§ Material provided

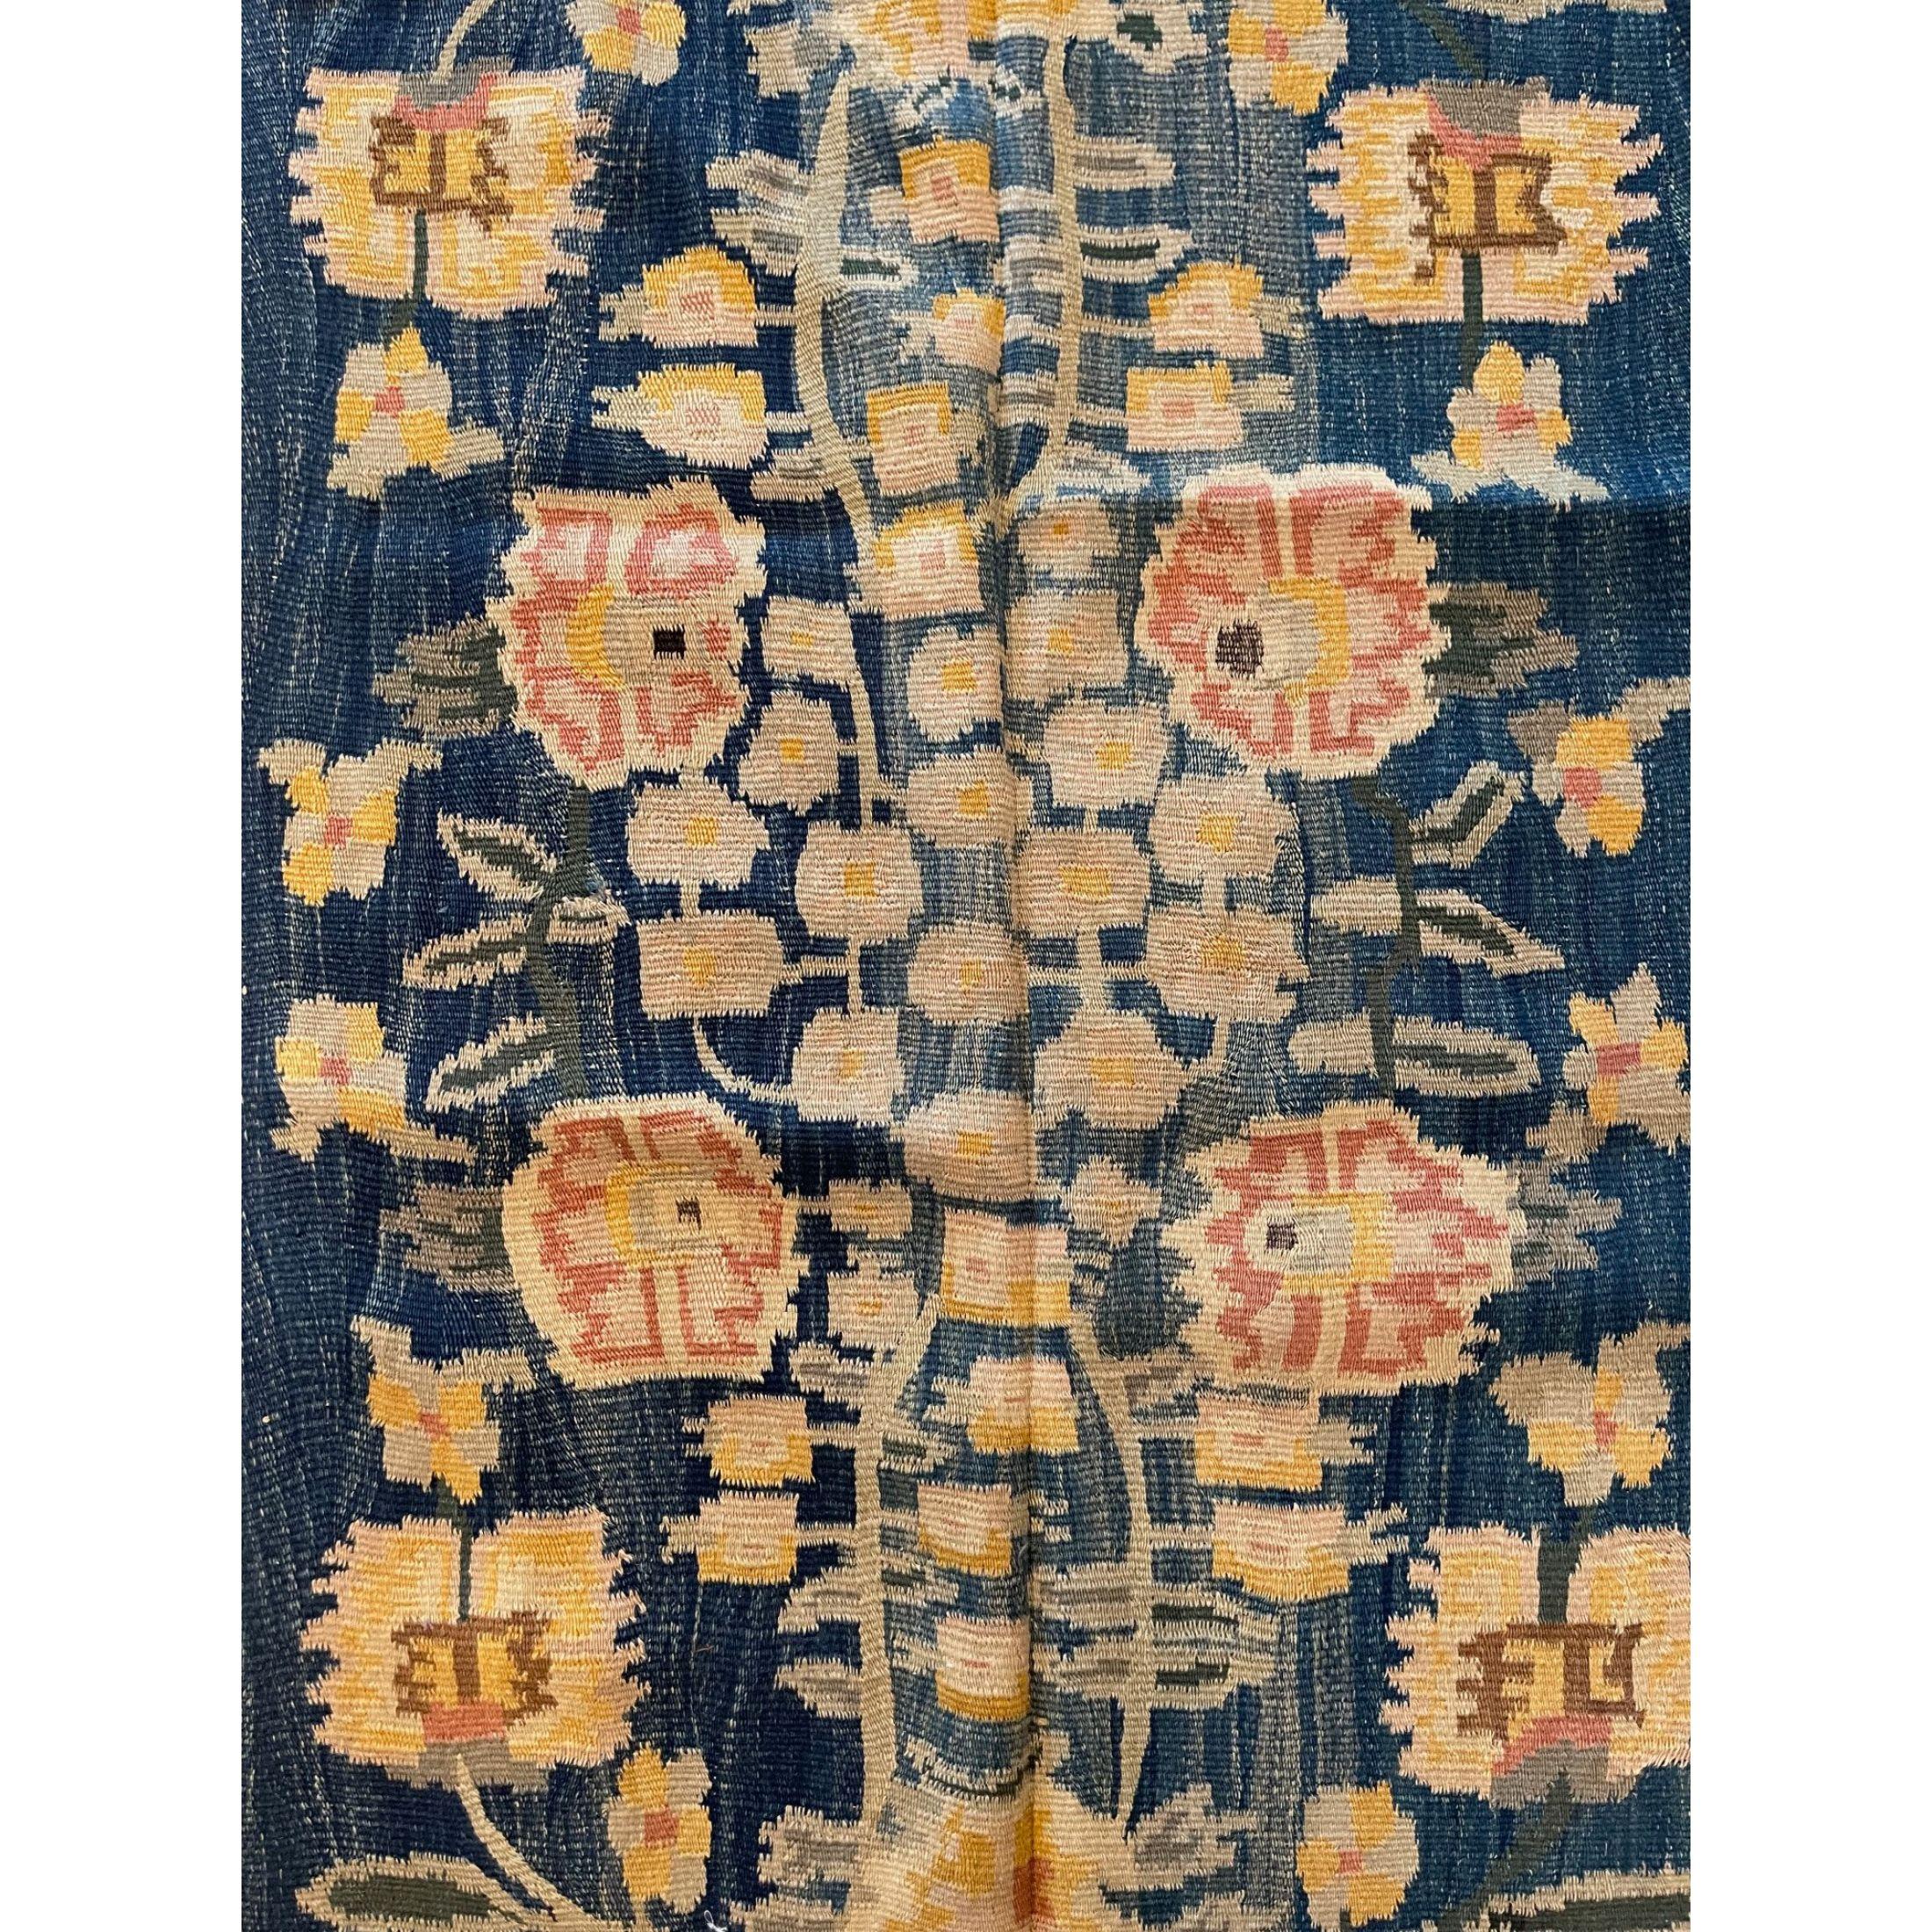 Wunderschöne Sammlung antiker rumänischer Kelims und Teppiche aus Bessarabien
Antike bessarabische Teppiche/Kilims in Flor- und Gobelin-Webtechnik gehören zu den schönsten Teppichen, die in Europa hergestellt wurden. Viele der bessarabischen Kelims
==
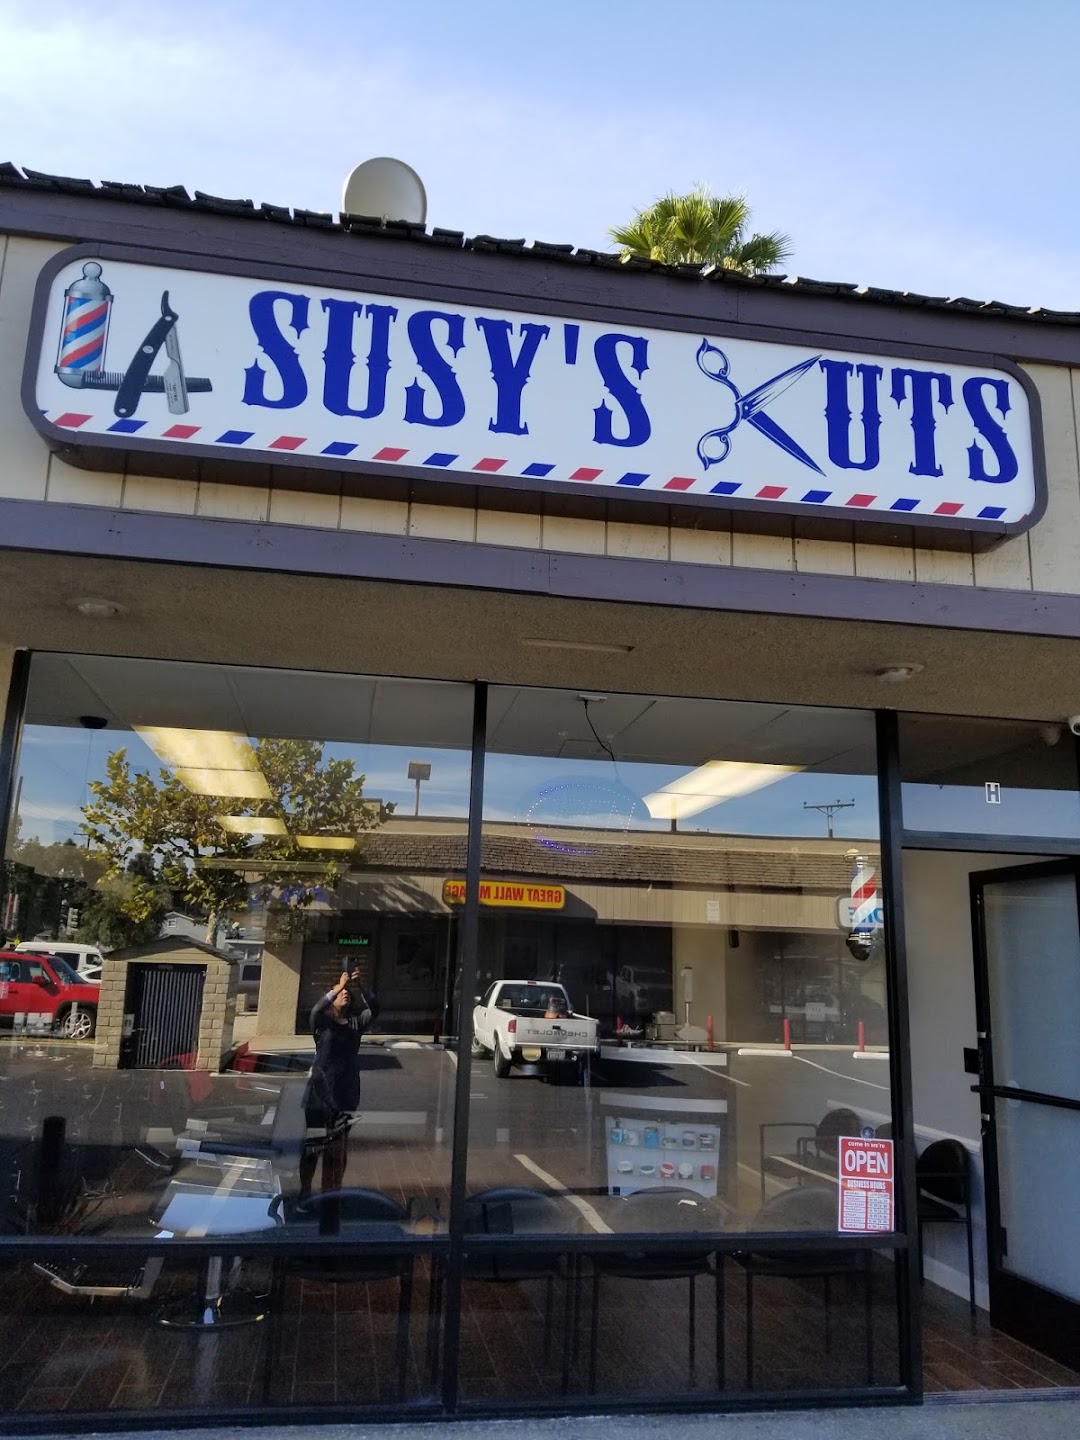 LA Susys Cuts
---
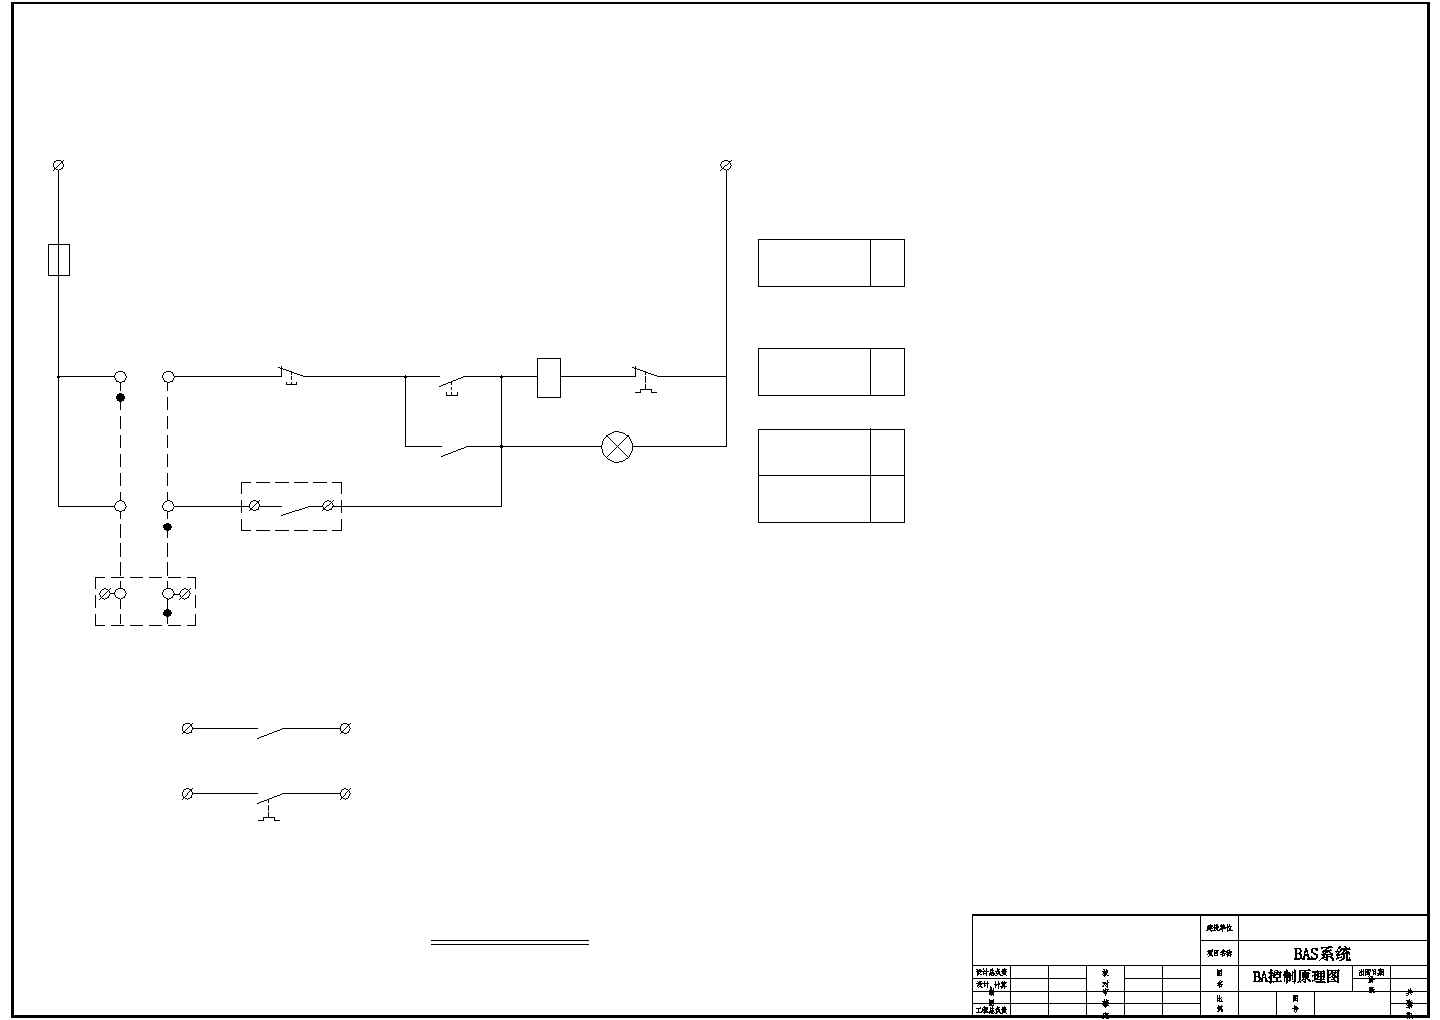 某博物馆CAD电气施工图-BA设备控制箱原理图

§ Action item
Begin at the line in the entries above that has "Wunderschöne Sammlung antiker", stop after the line that has "Antike bessarabische Teppiche/Kilims", and output exactly those lines without pictures.

§ Expected answer
 Wunderschöne Sammlung antiker rumänischer Kelims und Teppiche aus Bessarabien
Antike bessarabische Teppiche/Kilims in Flor- und Gobelin-Webtechnik gehören zu den schönsten Teppichen, die in Europa hergestellt wurden. Viele der bessarabischen Kelims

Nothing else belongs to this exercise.